Forgot to add: The activation of the NLRP3 inflammasome, results in the processing and secretion of active Interleukin 1 (IL-1b) and IL-18. An IL-1/IL-6 signature increases neutrophils and C-reactive protein (CRP), whereas an IL-18/IFN-y signature is characterized by hyperferritinemia (excess of an iron storage protein called ferretin in the blood) and cytopenia. Cytopenia occurs when one or more of your blood cell types is lower than it should be. IL-1 induces IL-6 and a Th-17 immune response, whereas IL-18 induces IFN gamma (IFN) production by Th-1 lymphocytes. A key function of IL-18 is to cooperate with IL-12 in inducing IFN-y production from T helper cells and natural killer cells, leading to natural killer cell activation, T helper type 1 cell skewing, up-regulated antigen presentation, and antiviral and antitumor functions.

Each condition has its own secondary effects that come after the chronic inflammation. For example with alzheimers it is mainly the dysregulation of copper metabolism through deficiency/unavailability of zinc and vitamin A that are involved in ceruloplasmin production needed for both copper and iron. Serum free copper is elevated in Alzheimers, correlates negatively with cognition in AD (the higher the free copper, the poorer the cognition) and is also a predictor of the degree of future cognition loss (the higher the free copper, the greater the rate of future cognition loss). Free copper is the part of blood copper not covalently bound to ceruloplasmin (Cp).

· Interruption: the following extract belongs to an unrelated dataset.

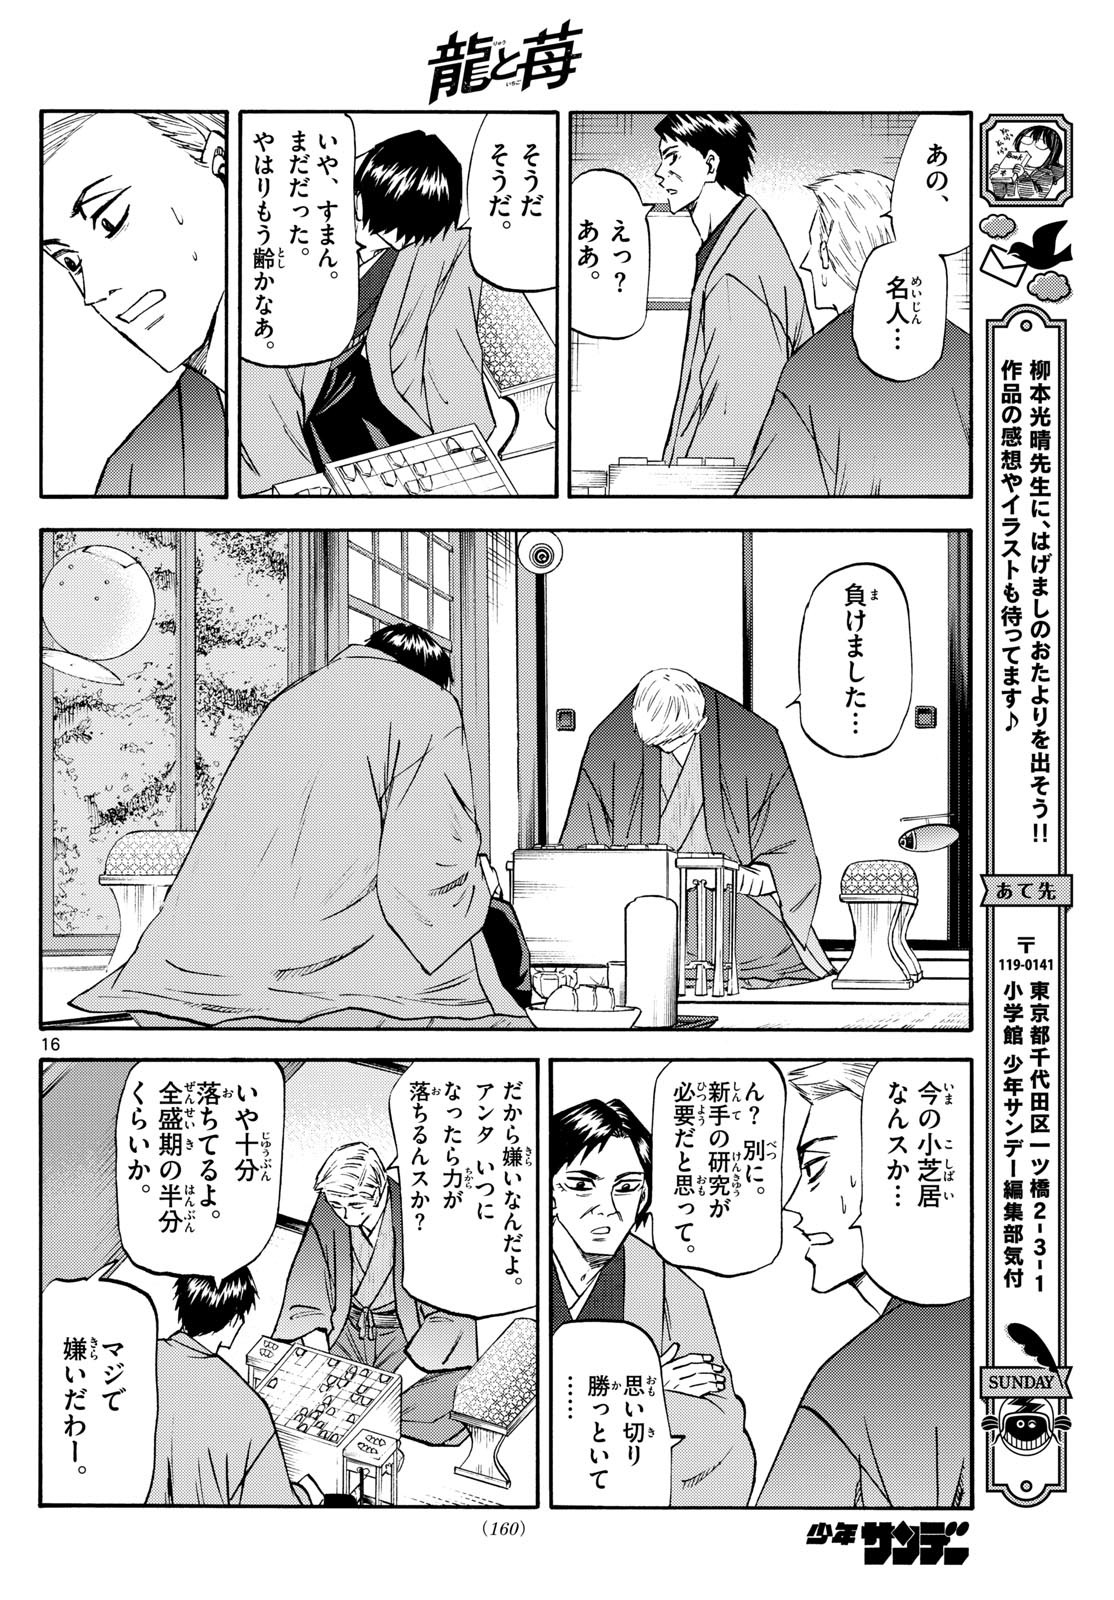 Ryu-to-Ichigo - Chapter 195 - Page 16

Regulating copper in the brain stops memory loss in a mouse model of Alzheimer's. Alzheimer's disease is characterized by the presence of amyloid plaques in the patient's brain. These plaques sequester copper, and contain approximately five times as much as a healthy brain. A new molecule extracts the copper trapped in amyloid plaques, and reintroduces it in the brain's normal enzymatic circuit (which needs copper to function). Administered orally to an Alzheimer's mouse model, this molecule inhibits the memory loss among sick mice. https://medicalxpress.com/news/2020-12-copper-brain-memory-loss-mouse.html https://www.pnas.org/content/109/5/1737 The low usable copper will then also affect iron causing unbound iron to build up and can also cause a deficiency of iron at the same time. The addition of only 0.12 parts per million of copper to the drinking water of several animals significantly enhanced brain levels of amyloid-beta and learning deficits and about twice as much copper in the cells lining the blood vessels of their brains, causing the AD pathological changes in the brain.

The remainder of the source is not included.